ここまででPayaraの設定は完了となります。これでいよいよTALONから接続する事が出来るようになりました。この段階でPayaraを再起動します。

TALONでの接続

TALONにログインし、機能構築→テーブル更新権限設定 を開き、検索を押下すると新たにGoogleAnalyticsのテーブル情報が出てきます。扱いたいデータに対して更新チェックを付けて設定ボタンを押下します。

テーブル権限設定

ようやくTALONの機能開発を行えるようになりました。ここまで来ると後は普通にTALONで機能構築するだけです。RDBと同じように扱うことが出来ます。データ表示したり、ガントチャート表示やグラフ・カレンダなどビジュアル的なUIも自由に作ることが出来ます。

ここではまずはデータの一覧参照機能を作ってみます。

メニュー→機能構築→機能設定画面 を開き、新規機能を作ります。

機能IDと機能名をセットしたら、ブロック領域にある「設定」ボタンをクリックしてブロック設定画面に遷移します。

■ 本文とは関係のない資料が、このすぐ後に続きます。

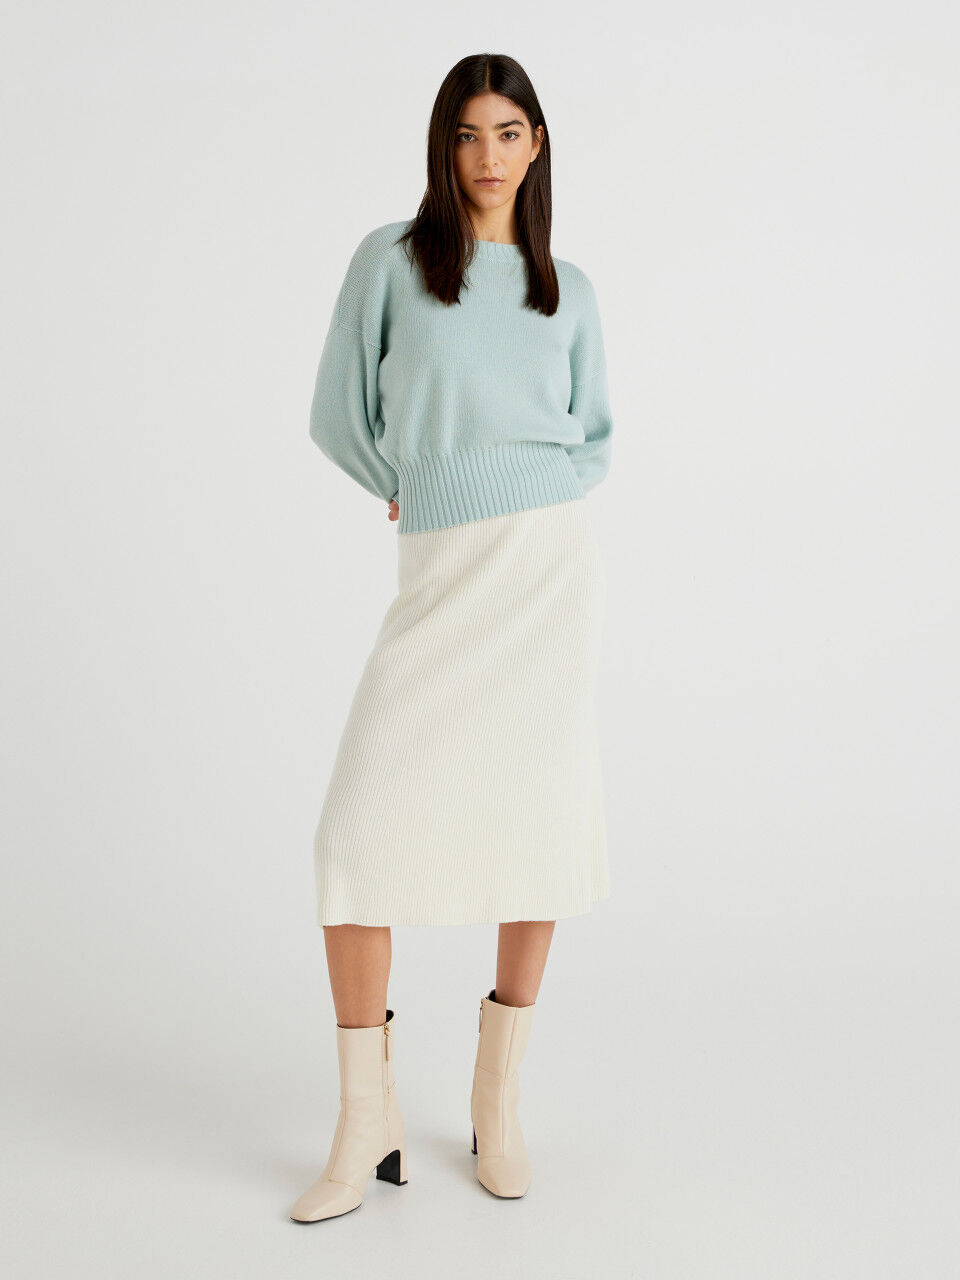 Midi skirt in linen blend

SELECT式タブを開き、DB接続先を「jdbc/googleAnalytics」にセットして、ブロック設定画面左下の「SELECT式作成画面」をクリックします。

SELECT式作成画面

ここではSiteContentデータを参照してみます。複数テーブルをSQLでJOINさせる事も可能です。設定ボタンを押下すると以下の様にSELECT文が自動生成されます。このSELECT文を直接編集する事も可能です。

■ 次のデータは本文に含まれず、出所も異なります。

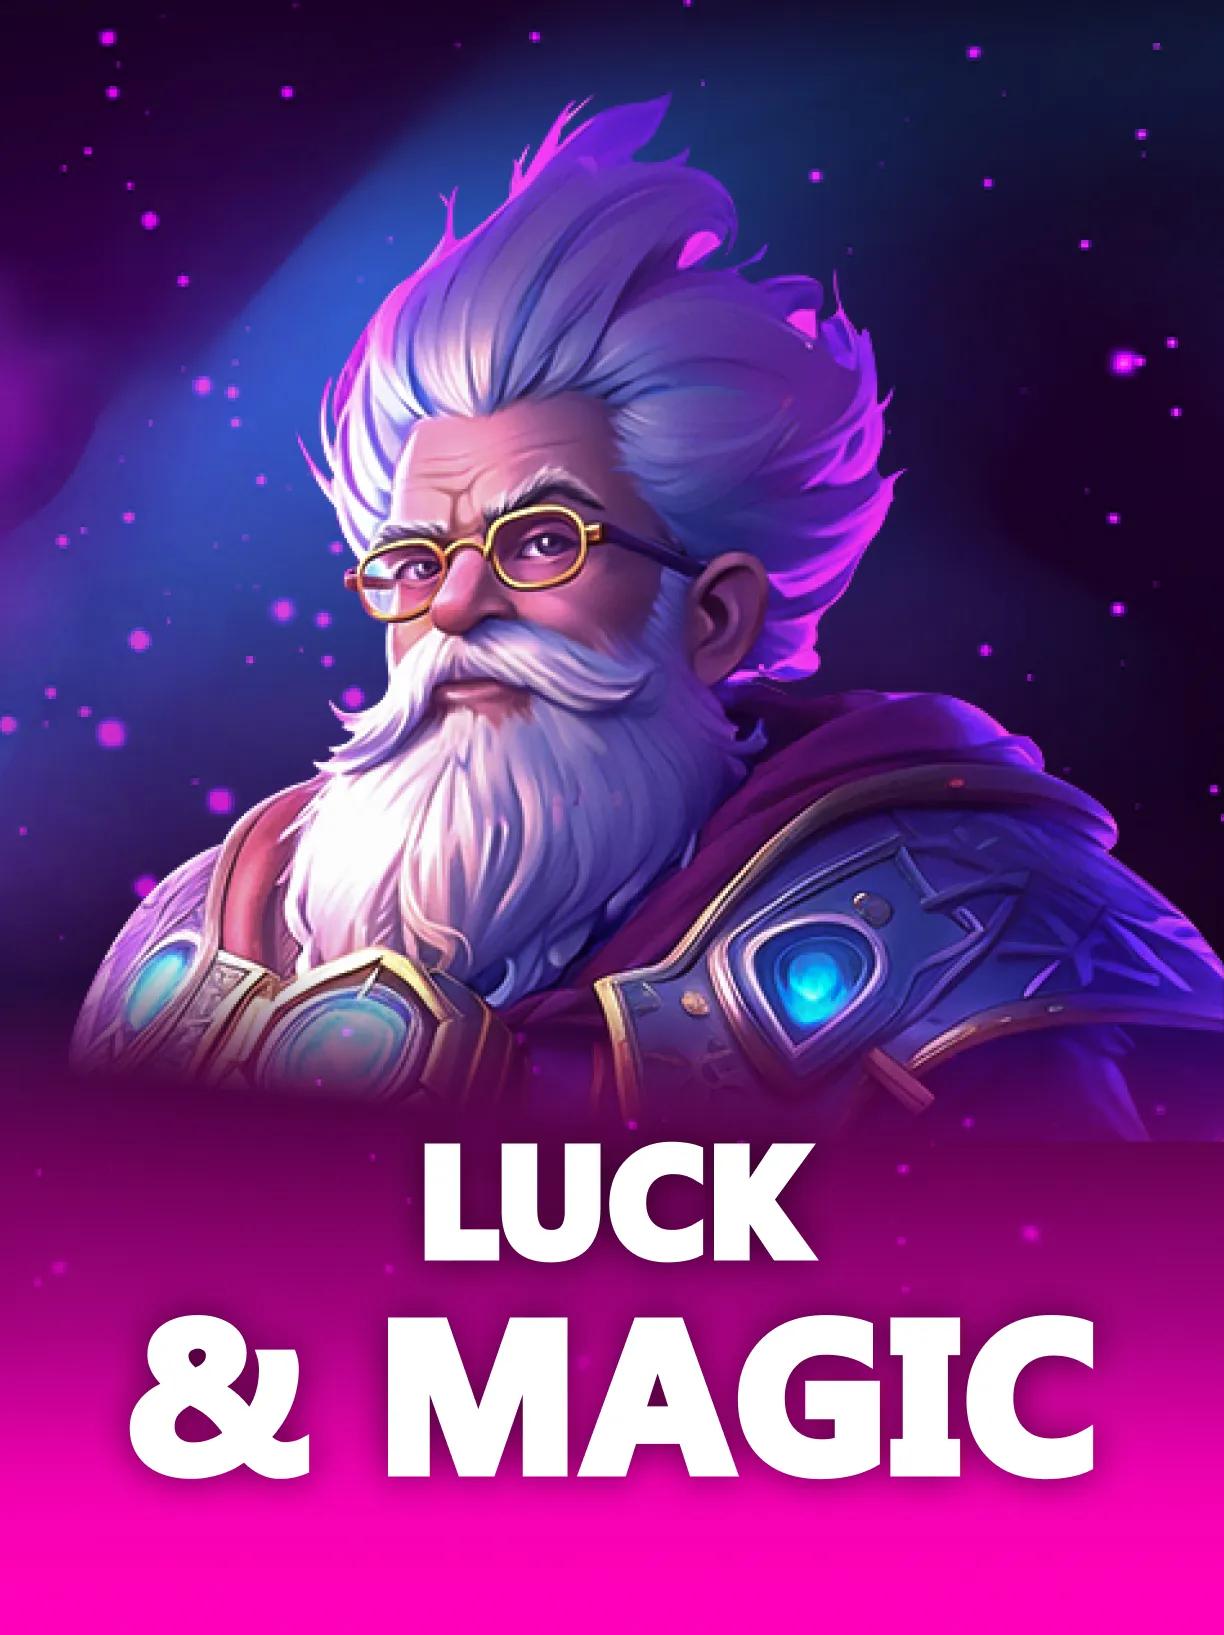 Luck_&_Magic_square.webp

画面左下の「項目情報生成」をクリックし、「項目情報」タブを確認します。

後は必要に応じて検索条件を付けたり、TALONの設定をします。右下の「設定」ボタンを押下して、機能構築のメイン画面に戻ります。ユーザグループの権限設定を行い、右下の「設定」ボタンを押下して機能構築が完成になります。

画面上部にある「PREVIEW」ボタンをクリックしてTALONの機能を開きます。

以下のようにデータが検索できることが確認できました。

データ参照

これでTALONからGoogleAnalyticsに接続してデータ参照するまでの設定が出来ました。後は複数のデータをSELECT文結合して複雑な分析を行ったり、グラフやガントチャート、カレンダで表示したりという風に色々な機能を作ってみて下さい。以下、様々な画面イメージのサンプルです。

ダッシュボード
IoTイメージ
カレンダイメージ

今回はGoogle Analyticsの接続をご紹介しましたが、Google系のサービスであれば基本的に同じ流れで設定できますので是非色々とチャレンジしてみてください!また、Google系だけでなく、その他240種類以上のサービスとも接続可能ですので是非ご検討ください。

おわりに

ここまででTALONへの接続についての説明は終了になります。最後に、CDataドライバを使う際にCDataの接続アプリなどを利用せずに、独自のアプリケーションだけでOAuth認証を行う場合の手順を備忘録として残しておきます。※TALONの接続では特に利用する必要は無い方式ですが、念のため。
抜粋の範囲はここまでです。